Долгое время он лежал без движения. Он начал задремывать, но с открытыми глазами. Яша словно слился с кроватью, со стенами, с голосами, доносившимися из других комнат. Поминутно кто-нибудь открывал дверь, топтался немного на пороге и снова закрывал ее. Это гости пытались попасть сюда, чтобы заняться любовью… «Ну и свиньи, свиньи! — говорил он себе. — Не могут подождать, пока снимут комнату в отеле». Дверь раскрылась снова, и на этот раз ее закрыли изнутри. Показался женский силуэт. Это была Анна. Она немного постояла молча, прямая и неподвижная, а потом сказала:

— Яша, что с тобой?

Он хотел ответить, но не мог произнести ни слова.

— Яша, что случилось? — снова спросила она.

Губы Яши Котика бессильно шевельнулись:

— Оставь меня в покое!..

— Яша, ты не можешь оставить всех и лежать здесь. Это стыд и позор!

Он хотел оправдаться, но на это требовалось много слов. Поэтому он сказал только:

— Shut up!..

— Напился, да?

Яша Котик ничего не ответил. У него было только одно желание: чтобы она как можно быстрее вышла из комнаты.

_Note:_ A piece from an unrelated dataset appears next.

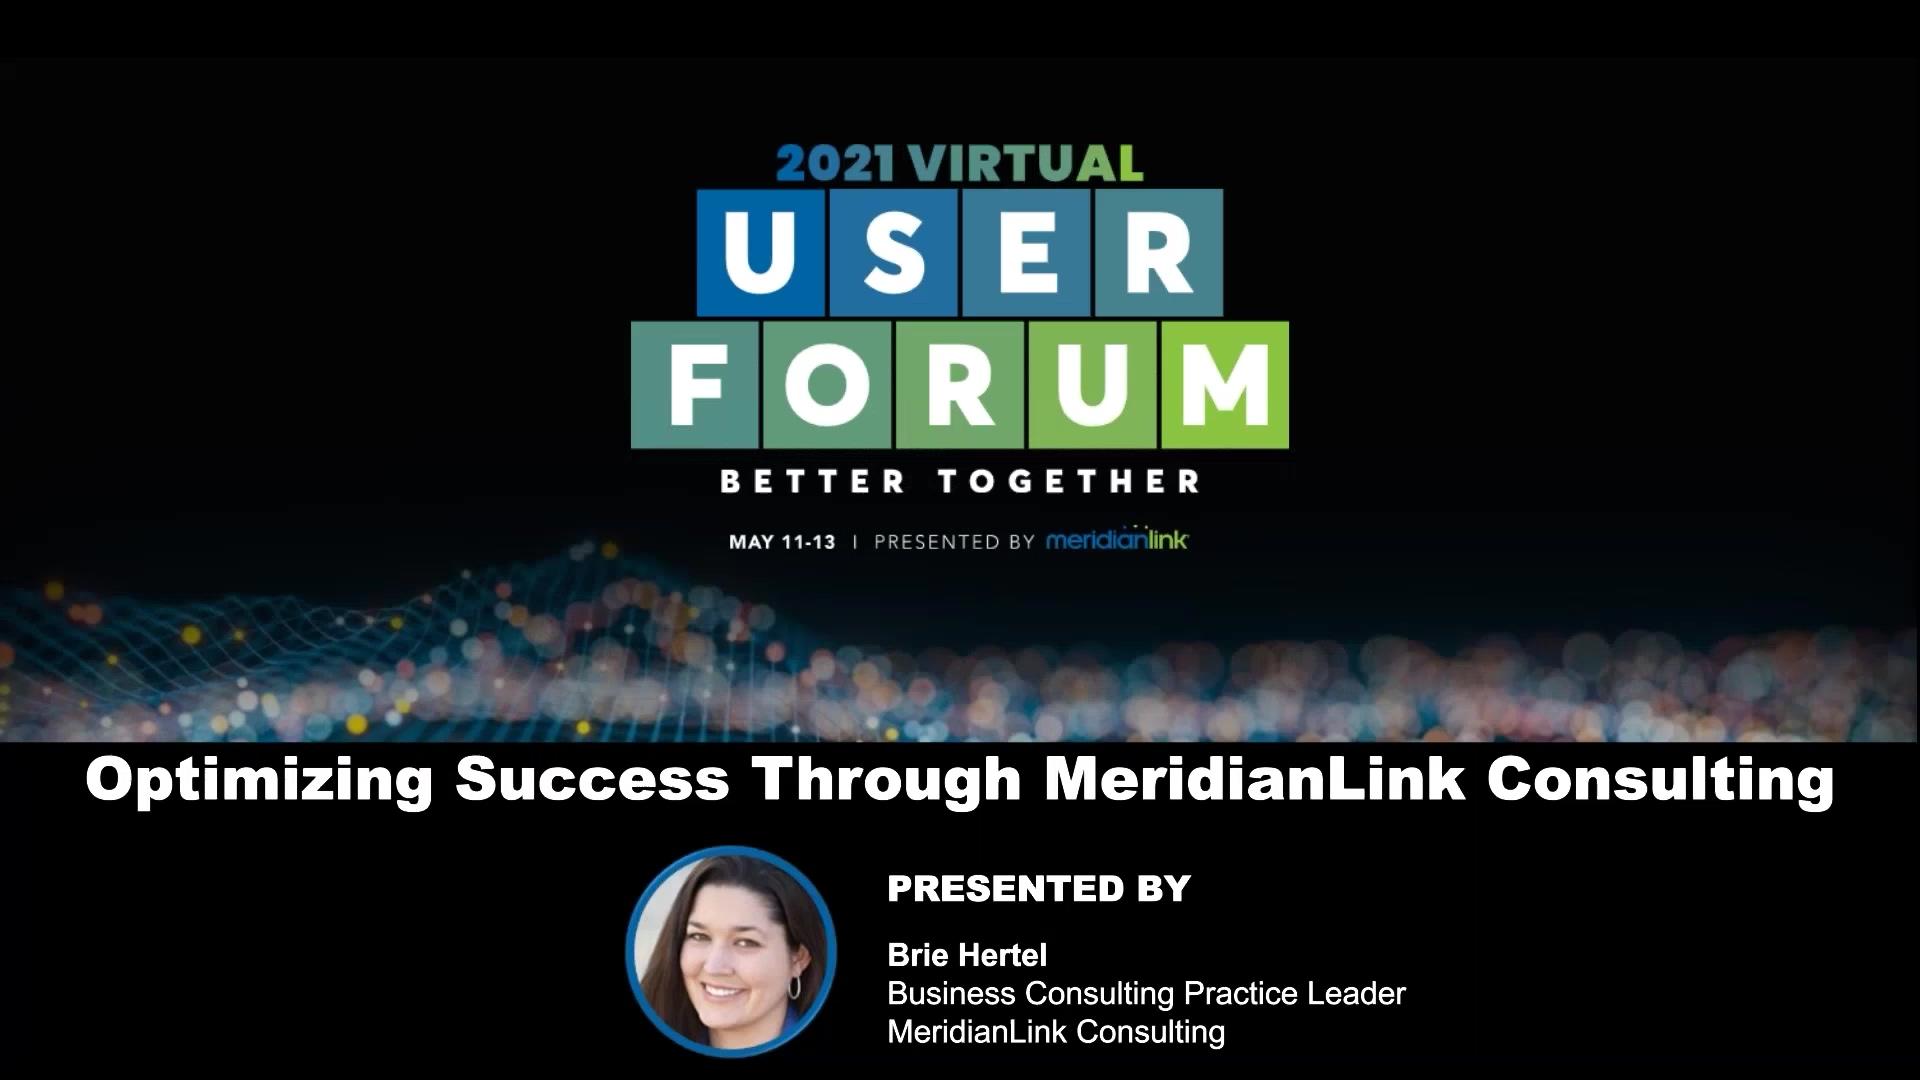 Optimizing Success through MeridianLink Consulting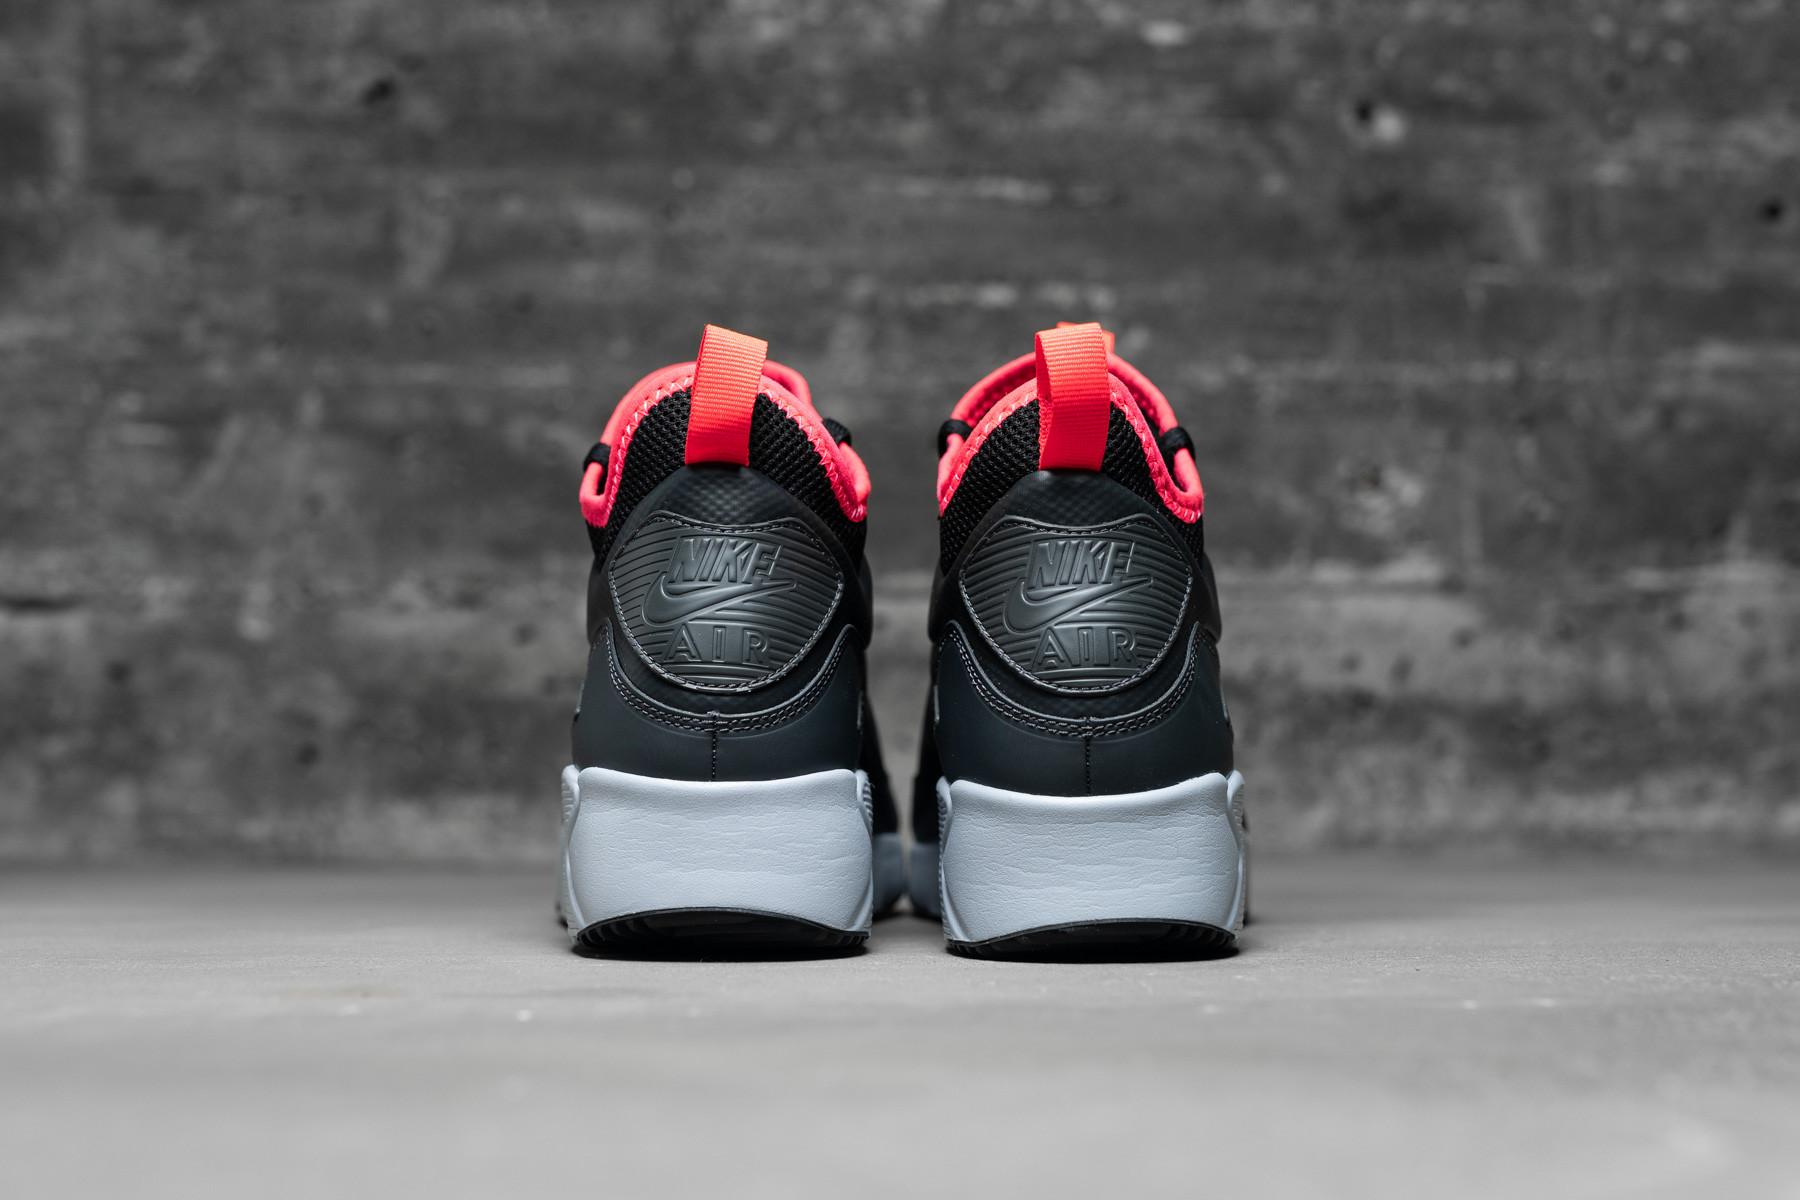 Nike Air Max 90 Ultra Mid Winter Sneaker.no

— Что произошло в театре? Ты что, вышел на сцену пьяный?

«Это было бы неплохо!» — подумал про себя трезвый, а пьяный только буркнул:

— Уйди!

— Яша, ты убиваешь себя собственными руками! — заговорила Анна. — Ты утверждаешь, что любишь меня, — и так ты выражаешь эту любовь?! Все втайне смеются. Мне стыдно людям в лицо смотреть.

— Иди домой!..

— Ладно, я пойду. Но помни, что я говорю с тобой в последний раз. Я едва уговорила доктора Марголина, чтобы он пришел сюда, и как же ты их принял? Я не знала, что ты такой пьяница. Что же, мне следовало это знать. Ты преподал мне хороший урок еще раньше.

— Иди! Марш отсюда!..

— Тогда спокойной ночи. Не вздумай больше мне звонить. Теперь я выздоровела и прозрела. Даже безумию есть какой-то предел! Ты разрушаешь себя сам, но это твоя личная трагедия!..

И Анна вышла из спальни, закрыв за собой дверь.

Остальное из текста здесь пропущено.